**Description of the task**
Somewhere below are a line with "myCLARINS - CLEAR-OUT" and a later line with "HOT & SEXY MOTORCYCLE BABES". Output exactly those lines and all lines between them.

(Records to use)

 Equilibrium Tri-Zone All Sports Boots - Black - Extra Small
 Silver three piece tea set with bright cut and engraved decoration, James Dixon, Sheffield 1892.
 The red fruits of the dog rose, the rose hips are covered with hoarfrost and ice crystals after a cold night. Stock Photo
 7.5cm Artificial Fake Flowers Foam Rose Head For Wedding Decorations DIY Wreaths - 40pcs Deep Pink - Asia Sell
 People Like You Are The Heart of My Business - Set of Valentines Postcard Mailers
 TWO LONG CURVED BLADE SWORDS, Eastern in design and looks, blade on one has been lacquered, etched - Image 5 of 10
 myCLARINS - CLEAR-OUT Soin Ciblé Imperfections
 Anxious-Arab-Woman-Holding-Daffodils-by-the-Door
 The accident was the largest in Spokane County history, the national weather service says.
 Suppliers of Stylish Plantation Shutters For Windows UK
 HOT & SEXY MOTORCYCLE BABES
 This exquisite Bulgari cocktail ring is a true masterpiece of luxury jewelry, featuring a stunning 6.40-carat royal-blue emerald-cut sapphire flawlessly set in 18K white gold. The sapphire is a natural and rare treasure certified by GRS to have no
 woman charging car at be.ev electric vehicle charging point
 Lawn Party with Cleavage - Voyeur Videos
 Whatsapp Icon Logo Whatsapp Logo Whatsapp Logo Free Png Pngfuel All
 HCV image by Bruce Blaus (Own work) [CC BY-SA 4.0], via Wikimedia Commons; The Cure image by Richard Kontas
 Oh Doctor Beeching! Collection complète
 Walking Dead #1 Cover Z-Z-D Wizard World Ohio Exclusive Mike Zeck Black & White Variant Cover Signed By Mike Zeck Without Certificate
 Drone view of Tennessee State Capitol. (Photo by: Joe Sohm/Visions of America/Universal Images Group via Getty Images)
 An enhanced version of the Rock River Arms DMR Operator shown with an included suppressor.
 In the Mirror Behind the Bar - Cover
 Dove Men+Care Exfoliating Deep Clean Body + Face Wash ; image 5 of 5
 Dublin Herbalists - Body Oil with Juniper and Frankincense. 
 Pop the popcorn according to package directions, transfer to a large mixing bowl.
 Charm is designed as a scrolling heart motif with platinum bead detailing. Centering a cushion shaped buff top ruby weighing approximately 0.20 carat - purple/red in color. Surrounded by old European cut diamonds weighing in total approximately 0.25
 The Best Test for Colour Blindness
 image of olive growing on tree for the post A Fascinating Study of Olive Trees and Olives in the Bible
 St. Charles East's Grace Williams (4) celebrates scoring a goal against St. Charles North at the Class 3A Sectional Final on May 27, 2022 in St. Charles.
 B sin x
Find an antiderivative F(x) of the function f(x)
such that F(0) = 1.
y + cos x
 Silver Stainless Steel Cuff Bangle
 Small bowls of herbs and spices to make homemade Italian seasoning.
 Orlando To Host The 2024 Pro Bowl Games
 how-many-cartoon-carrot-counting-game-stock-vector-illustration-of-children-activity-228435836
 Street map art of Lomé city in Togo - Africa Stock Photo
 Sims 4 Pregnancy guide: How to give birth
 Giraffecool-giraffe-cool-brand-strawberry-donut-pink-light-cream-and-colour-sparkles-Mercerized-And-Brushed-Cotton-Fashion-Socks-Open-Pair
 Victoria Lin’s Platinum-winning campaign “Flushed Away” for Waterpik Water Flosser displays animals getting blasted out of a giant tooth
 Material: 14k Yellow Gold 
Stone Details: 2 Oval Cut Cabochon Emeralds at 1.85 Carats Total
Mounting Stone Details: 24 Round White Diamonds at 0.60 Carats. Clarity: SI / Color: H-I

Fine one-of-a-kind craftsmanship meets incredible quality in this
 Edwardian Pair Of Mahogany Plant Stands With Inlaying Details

(End Records to use)

**Response for this exercise**
 myCLARINS - CLEAR-OUT Soin Ciblé Imperfections
 Anxious-Arab-Woman-Holding-Daffodils-by-the-Door
 The accident was the largest in Spokane County history, the national weather service says.
 Suppliers of Stylish Plantation Shutters For Windows UK
 HOT & SEXY MOTORCYCLE BABES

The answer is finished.